Using the principle of electromagnetic induction, the ECT NDT method can assess certain properties of the conductive material and its components through the change of induced eddy current in the tested workpiece, or finding defects. ECT NDT is one of the main methods to control the quality of various metal materials and a few non-metals (such as graphite, carbon fiber composite materials) and their products. Compared with other non-destructive testing methods, ECT NDT is easier to achieve automation, especially for pipes, rods and wires and other profiles.
Eddy current is when a conductor is placed in a changing magnetic field, because there is a vortex induced electric field around the changing magnetic field, the induced electric field acts on the free charge in the conductor to move the charge and form an eddy current.
Eddy current non-destructive testing is based on Faraday's law of electromagnetic induction, connecting alternating current to the detection coil to generate an alternating magnetic field perpendicular to the workpiece. When the detection coil is close to the workpiece to be inspected, the surface of the workpiece induces eddy currents and simultaneously generates a magnetic field opposite to the original magnetic field, which partially offsets the original magnetic field, resulting in changes in resistance and inductance of the detection coil.
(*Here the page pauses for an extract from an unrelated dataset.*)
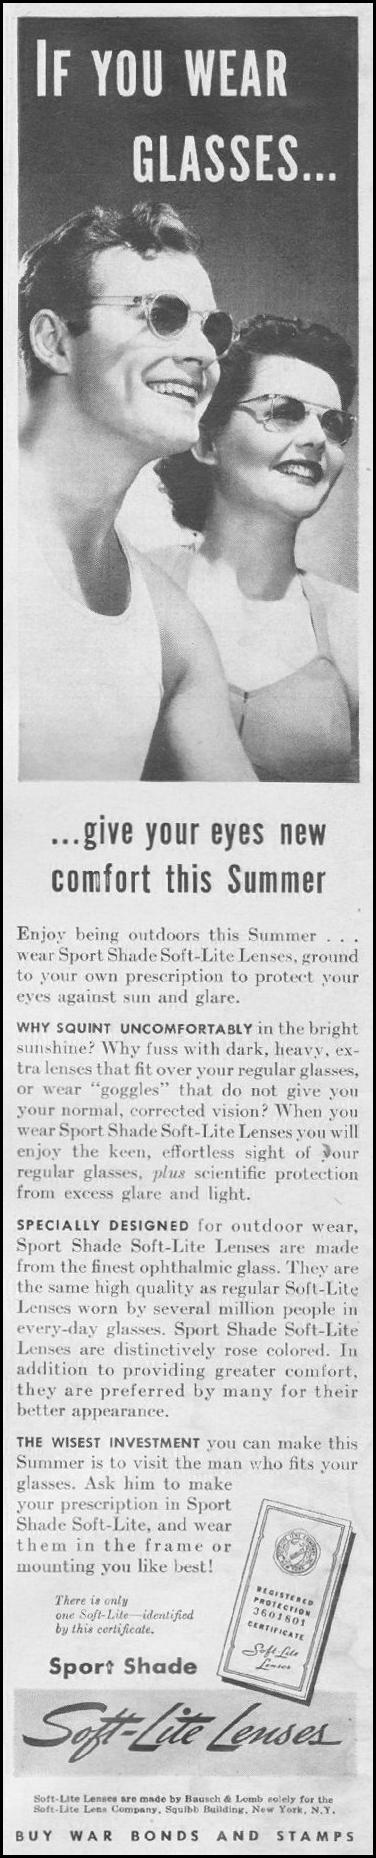 SOFT-LITE LENSES LIFE 06/22/1942 p. 2

If there is a defect in the metal workpiece, the intensity and distribution of the eddy current field will be changed, and the impedance of the coil will change. By detecting the change, it can be judged whether there is a defect.
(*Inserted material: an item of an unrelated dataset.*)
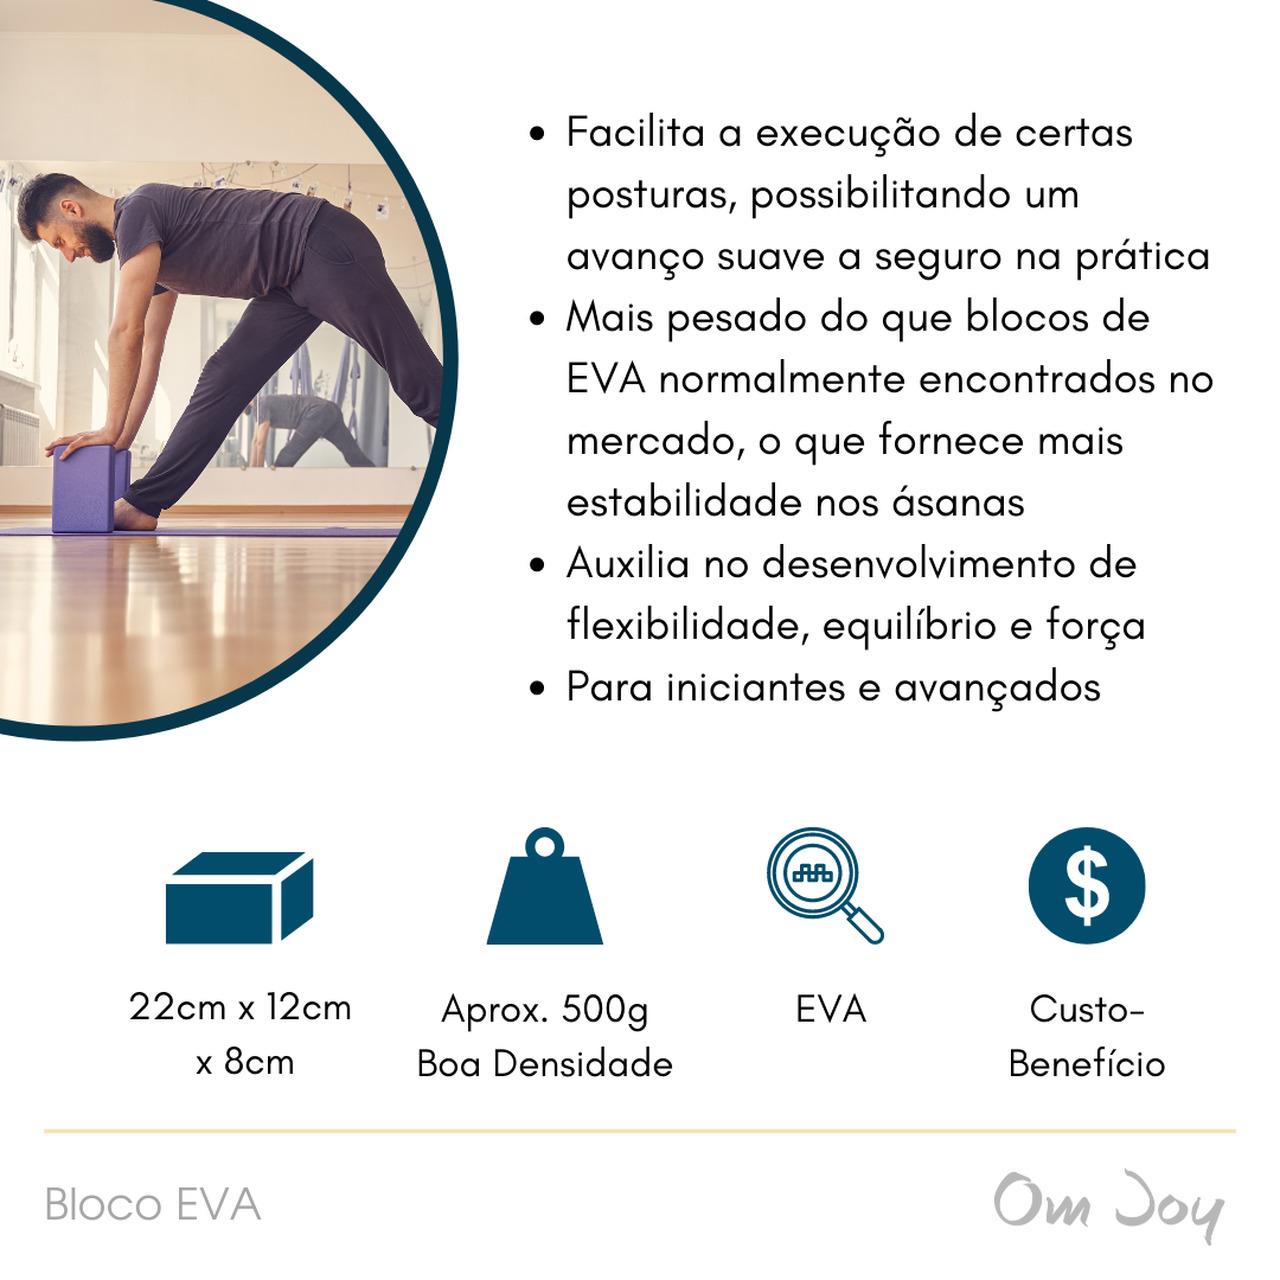 Kit Básico Iniciante Yoga: Tapete + 2 Blocos EVA + 1 Cinto de Alongamento

With the development of microelectronics and computer technology and the adoption of various signal processing technologies, eddy current testing transducers, eddy current testing signal processing technology and eddy current testing equipment have made great progress.
ECT NDT needs to improve the signal-to-noise ratio and anti-interference ability of the signal, realize signal identification, analysis and diagnosis, in order to obtain the best signal characteristics and detection results.
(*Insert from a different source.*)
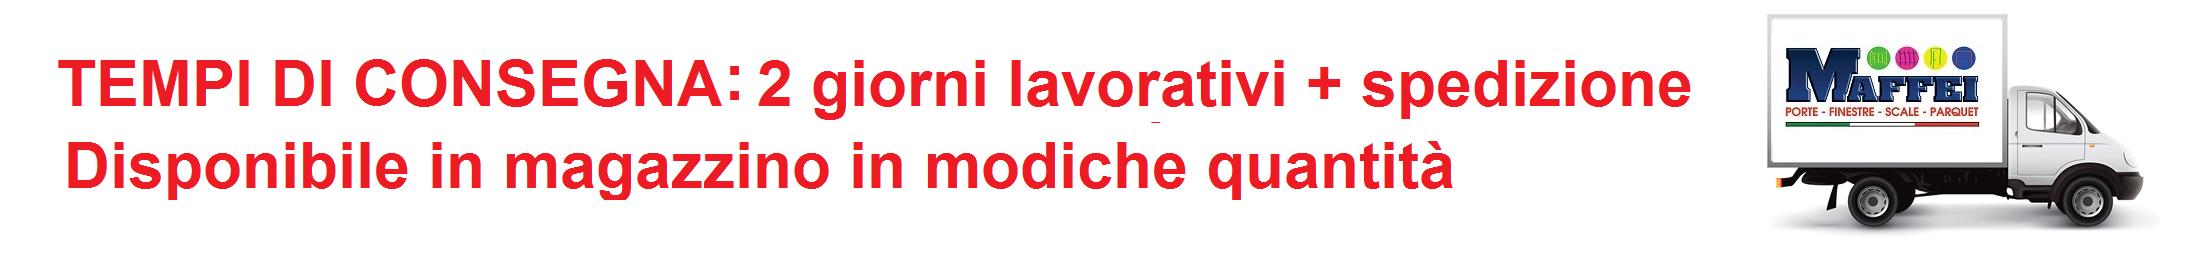 L-Copia

1. Signal feature extraction
Feature extraction methods commonly used in ECT NDT include Fourier description method, principal component analysis method and wavelet transform method.
Fourier description method is a common method to extract feature values. The advantage is that it is not affected by the probe speed, and the impedance map can be reconstructed by this description method. The more the number of sampling points, the closer the reconstructed curve is to the original curve. But this method is only sensitive to the shape of the curve, it is not sensitive to the zero point and gain of the eddy current detector, and does not change with the curve rotation, translation, size transformation and starting point selection.
The method of using the eigenvalues and eigenvectors of the autocorrelation matrix of the test signal to describe the signal characteristics is called the principal component analysis method, which has strong resolution for similar defects.
Wavelet transform is an advanced signal time-frequency analysis method. The multi-resolution analysis in wavelet transform is applied to the eddy current detection signal analysis, and the different wavelet coefficients are processed before reconstruction. The signal-to-noise ratio of this signal processed by wavelet transform will be greatly improved.
2. Signal analysis
Artificial neural network
The input vector of the artificial neural network is the characteristic parameter of the signal. The correct selection and extraction of the characteristic parameter of the signal is the key to the success of the intelligent judgment of the neural network. The combined neural network model adopts the hierarchical discrimination method to reduce the dimensionality of the network input variables from N2 to N. The network structure is greatly simplified, the training speed is fast, and it has a high defect recognition rate and practical value.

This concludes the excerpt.